I began working on the Grundrisse in the 1960s. When I started, I had already been a Communist for years, but I was not yet a Marxist. I’d worked a lot on Kant, Hegel, neo-Kantianism, Weber, Lukács, and then finally, as I was approaching thirty in the early 1960s, I began reading Capital. I had already read through the going interpretations of the young Marx.

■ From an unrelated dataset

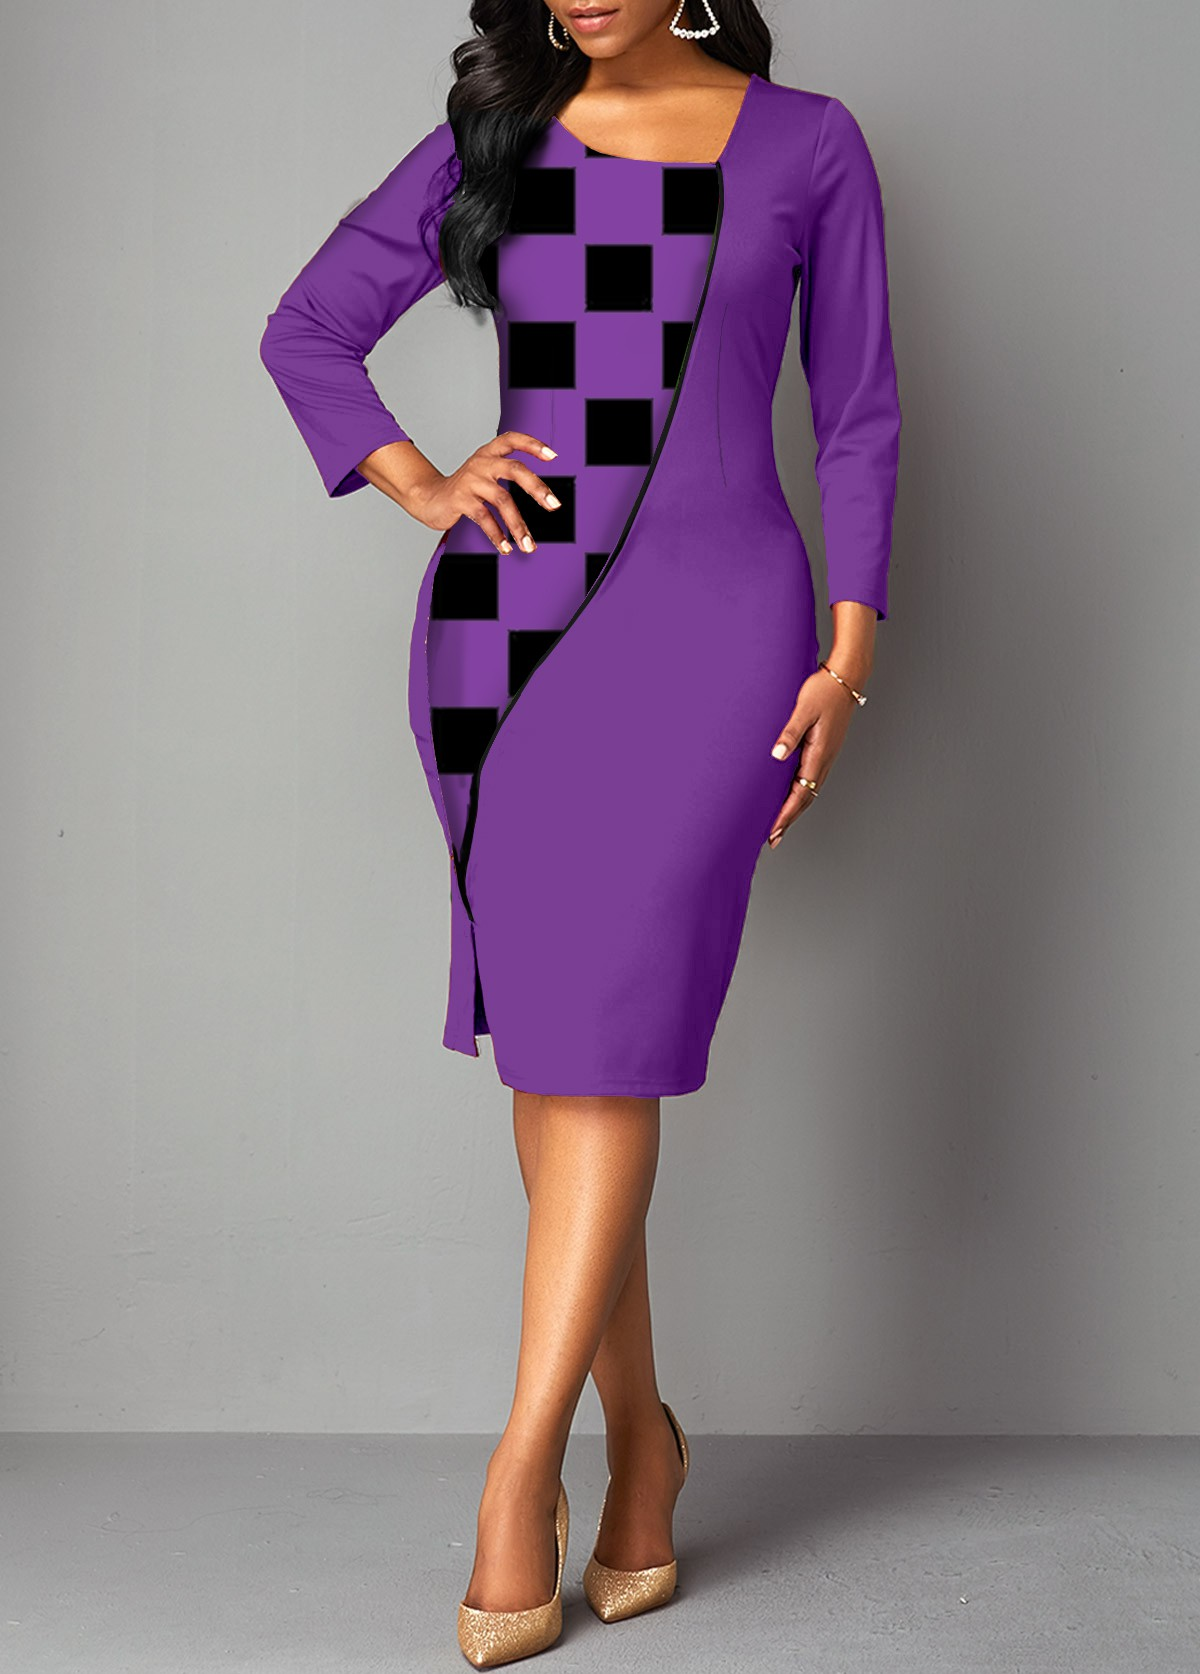 3/4 Sleeve Asymmetrical Neck Plaid Dress

With existential humanism in the air, I had read and discussed his Early Writings (Frühe Schriften; in France, Italy, and Germany, you can’t imagine what intense emotions this “discovery” brought about in the climate of a certain humanist existentialism!). These writings provoked the same ambivalent, if not equivocal, impressions I had received when I studied Sartrean Marxism. As a result I had no difficulty grasping a certain justification in the “epistemological break” that Althusser had proclaimed. While this “break” was, for me, neither prominent nor decisive from a philological point of view, it was so from the point of view of the political hermeneutics and “situated” polemics (just as in a battlefield [Kampfplatz]) of revolutionary thought in that era of the last stirrings of dialectical Hegelianism in both the East and West. Marxist materialism seemed to become “whole” by having passed through this break—an antihumanist rupture, since the illusions of bourgeois humanism would have been at that point definitively cast off and, most important,because Hegelian dialectics was effectively being set aside. For those of us who were educated in Hegelianism and aware of the infinite variations of the “unhappy consciousness,” this transition was necessary: it was an introduction to revolutionary militancy.
Still, reading Capital turned out to be quite difficult for me. I certainly wasn’t reading it with the eyes of a philologist, or those of an academic, or even those of an educated “Marxist.” Instead, I was reading Capital as a militant communist who wanted to take hold of a subversive research method and program for action. Marx and Capital had to help me organize factory workers—not just to understand the contradictions and the crises of capital but also to transform these understandings into opportunities for struggle in the factories and in society. When, after Capital, I began to read the Grundrisse, I promptly recognized its unexpected yet longed-for new power (potenza). This text introduced me to a genealogical process. I had already begun to do conricerca with factory workers to understand the conditions for class struggle.1 With the Grundrisse I was able to better understand that doing “worker research” was also to apply Marx—his method—and to rediscover Marx, to reinvent him. Given the fact that the Grundrisse was still unknown half a century after Marx’s death, I too asked myself, as Eric Hobsbawm asked, how many more people would have become Marxists, and what different kinds of Marxists they would have become, if they had been able to read the Grundrisse alongside Capital. Given our approach to reading Marx as food for thought for political work, it was impossible for us to separate the Grundrisse not only from Capital but also from its role as a means of political action.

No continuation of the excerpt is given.